JPST - An Investor's Guide To Ultra-Short Bond ETFs (Part 2)

2023-07-24 10:05:04 ET

Summary

  • Part 2 of this guide to ultra-short-term bond ETFs discusses BIL, PULS, and JPST, highlighting their pros, cons, and suitability for different types of investors.
  • The ETFs are attractive because they offer a low-risk and high-yield investment. However, they differ in volatility, yield, and capital appreciation potential.
  • Most investors should own an ultra-short-term bond ETF due to the favorable risk-reward ratio, but the choice of ETF depends on individual risk tolerance and investment outlook.

In Part 1 of this two-part guide on ultra-shot-term bond ETFs, I covered SGOV, ULST, and VUSB. Just to recap, ultra-short bonds have grown in popularity recently because the fed funds rate is at a two-decade high, making them a very low-risk and high-yield investment. Investors should always be looking for low-risk and high-yield investments and currently, ultra-short bonds provide exactly that. There are many ultra-short bond ETFs, and they are all generally similar; however, they do have small differentiating factors. Making small changes to your portfolio can have big effects long term.

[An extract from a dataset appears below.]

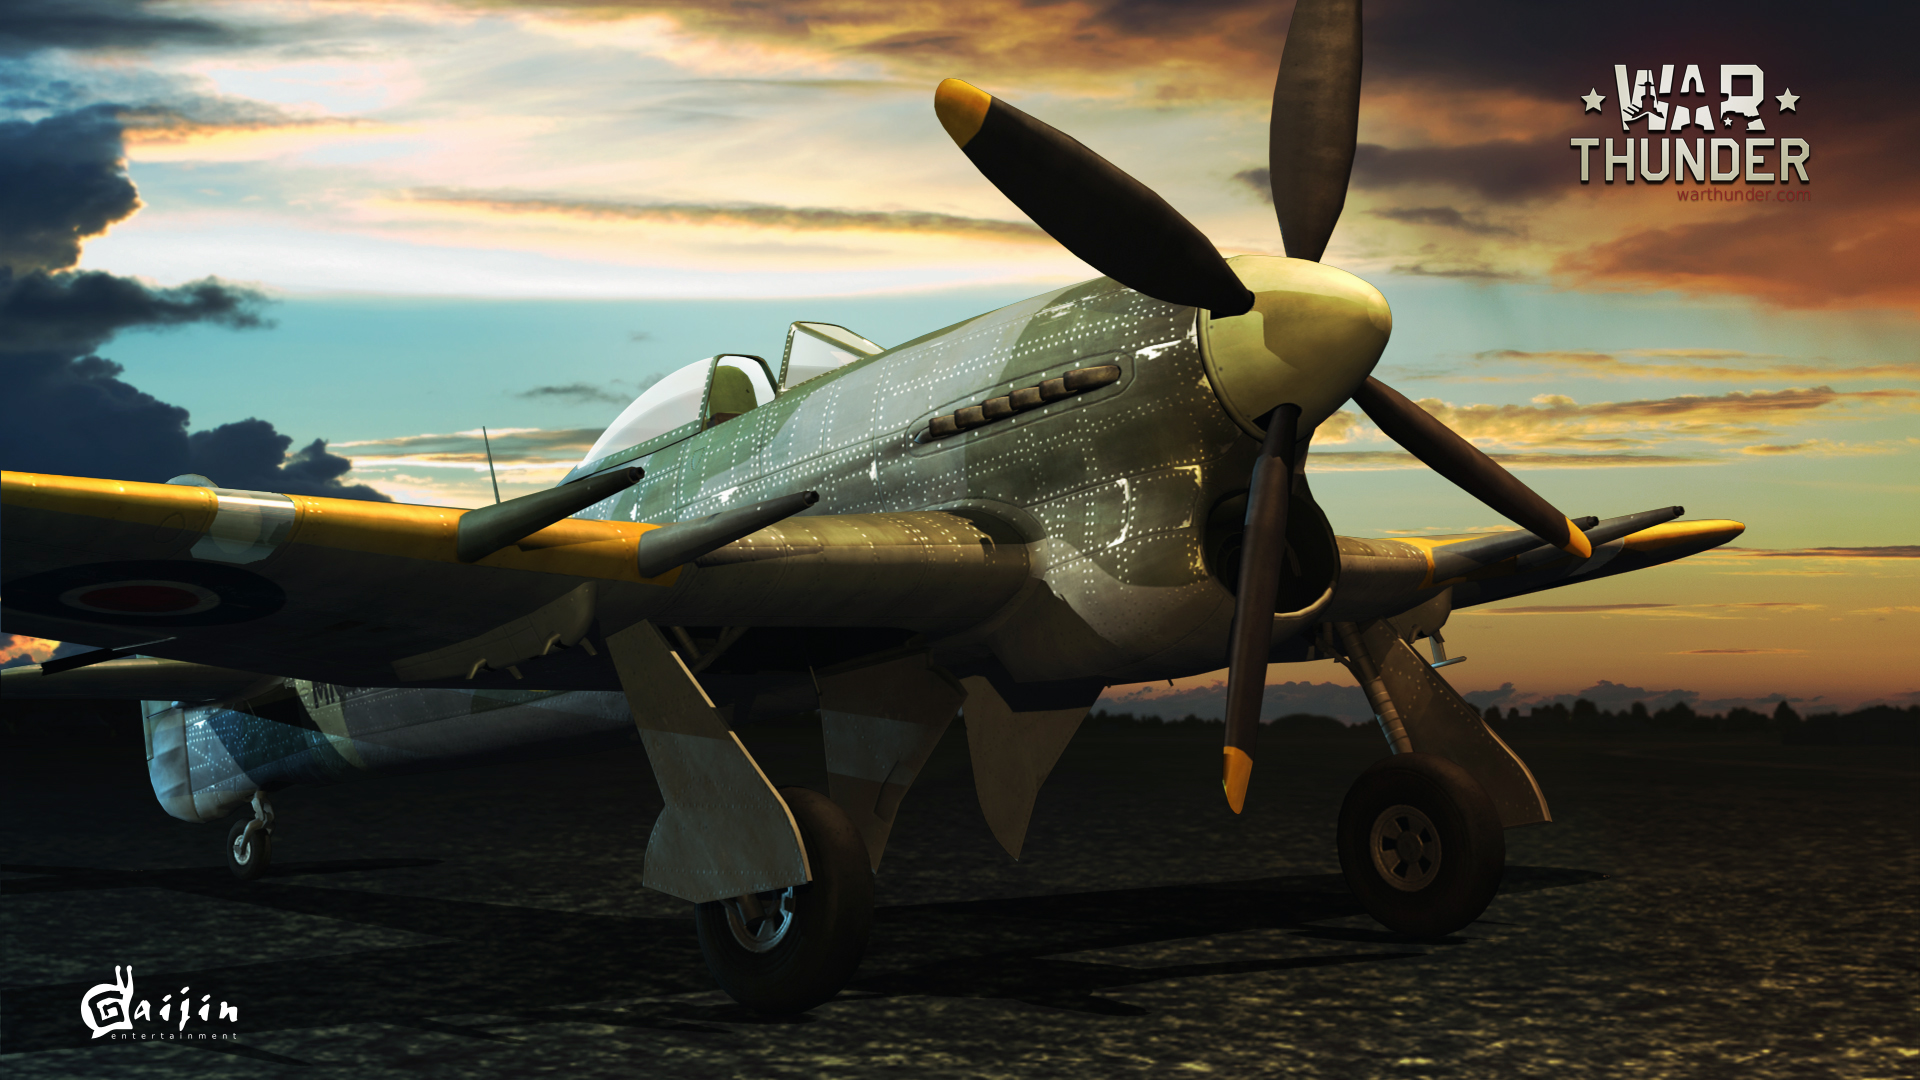 Обои p-61, ww2, black widow, painting, истребитель, P-61 black widow, aircraft art. Авиация foto 19

Just like part one, I will introduce each ETF, address its pros and cons, and then give my opinion on what kind of investor the ETF is best suited for. At the end, I will give a "cheat sheet" that breaks down the three ETFs covered in this article at a glance, along with the three ETFs covered in part one. This article (part two) covers BIL, JPST, and PULS.

BIL

  • 30-day SEC yield: 5.02%
  • AUM: $27.74B
  • Expense ratio: 0.14%
  • Average maturity: 0.10 years

SPDR Bloomberg 1-3 Month T-Bill ETF ( BIL ) is the largest ETF in this guide. As its name suggests, it holds 1-3 month T-bills. Because it holds very short-term T-bills, it has very little volatility. It only has 20 holdings, but this isn't an issue considering they are all ultra-short T-bills.

Pros

The chart below shows its total return for the last three years.

Data by YCharts

It's very easy to see how little volatility it has. It has a very flat and smooth total return until about July 2022, when it changes to a very smooth upward trend.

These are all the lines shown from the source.